If you’re looking for a luxury hybrid but want serious performance too, Formula One World Champion Sebastian Vettel recently “proved” on the Nurburgring’s 21-kilometre, 71-turn Nordschleiffe circuit that Infiniti’s new 2012 M35h hybrid could run a bit harder than its gasoline-fuelled counterpart, the M37, in the hands of teammate Mark Webber.
And there’s a video to provide veracity. Of course, Vettel has been doing that all year in his Red Bull race car, but they did both look like they were trying pretty hard in this internecine contest.
And the M hybrid’s total output of 360 hp does outmatch the 330 hp of the 3.7-litre-engined M37 allowing it to get to 100 km/h in 5.5 seconds versus 6.2 seconds, obviously compensating for its extra 100 kilos or so of weight. Not mentioned is that the M56 with its 420-hp V-8 will blow the doors off both of them. But then it’s perhaps not a very responsible choice, is it?
The M hybrid, Infiniti’s first venture into electro-mechanical propulsion, and which joined the redesigned-for-2011 M range earlier this year, also has you covered off if you want a luxury car that does its bit to save the planet through reduced greenhouse gas emissions while keeping a “few” extra dollars in your wallet.
At least according to the British Columbia Automobile Association’s annual Hybrid Vehicle Cost and Savings Analysis, which reveals the M hybrid as one of just four of the 23 hybrids available in Canada that can actually beat their closest gasoline equivalents based on five-year purchase, finance and fuel costs.
That’s based on 20,000 km of driving a year and gas at $1.35 a litre, which may not be completely real-world realistic but at least indicates the M hybrid does a better job than most at playing the gas/electric power game.
Natural Resources Canada rates the M hybrid at an impressive 7.5 litres/100 km city and 6.1 highway, and after a week involving 400 km of highway cruising and another hundred or so of semi-rural running with the test car, the onboard readout was showing and average of 7.8 litres/100 km.
At four-lane highway cruising speeds, the readout indicated 7.1 litres/100 km but schlepping across Toronto in the stop-and-go morning commuter rush hour – during which it ran on battery juice alone for some extended periods – saw the digits dip into the 6.7-6.8 litres/100 km range. Which would indicate its around-town efficiency should be equally impressive.
The fact it requires premium cuts down on the cost savings, but at least you can feel good about the reduced emissions.

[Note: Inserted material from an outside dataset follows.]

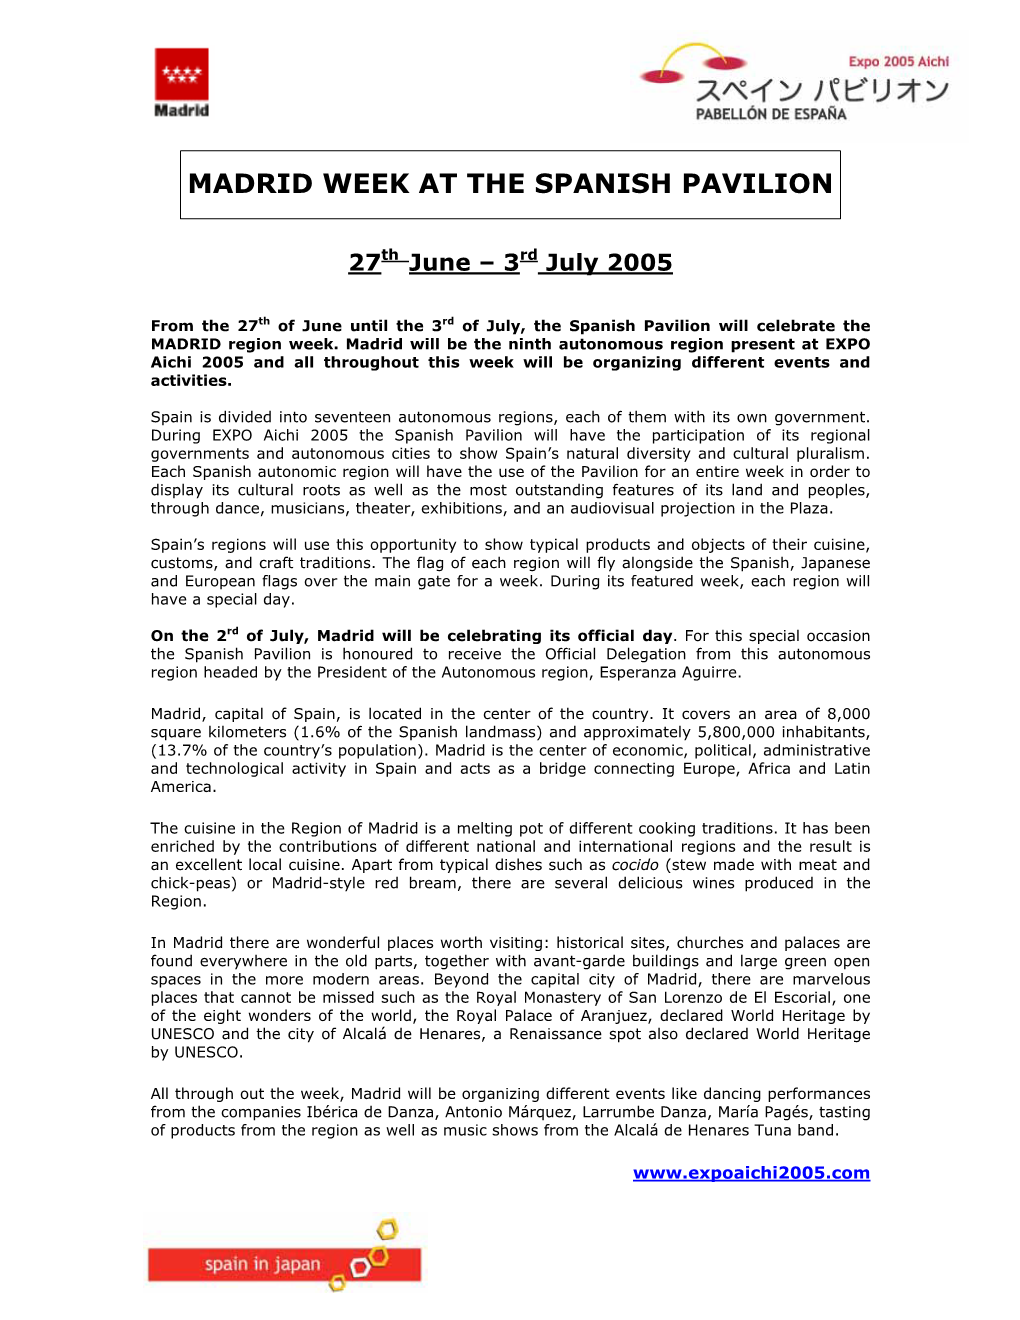 Madrid Week at the Spanish Pavilion

Infiniti’s M hybrid ticks the performance and responsible boxes, but while flat-out performance and playing with numbers analysis are all very well, day-to-day driving is what counts. The M hybrid lives up to its billing here, too, although with a couple of quirks.
The powertrain, which comprises a 3.5-litre V-6 rated at 302 hp and 258 lb-ft of torque, is augmented by a 50-kW electric motor and lithium battery that boosts total available power to 360 hp and also pumps up the torque. Clever twin-clutch technology that decouples the engine from the motor when running on electric power – which it can do at speeds up to 100 km/h or for 1.9 km – can be a bit disconcerting initially.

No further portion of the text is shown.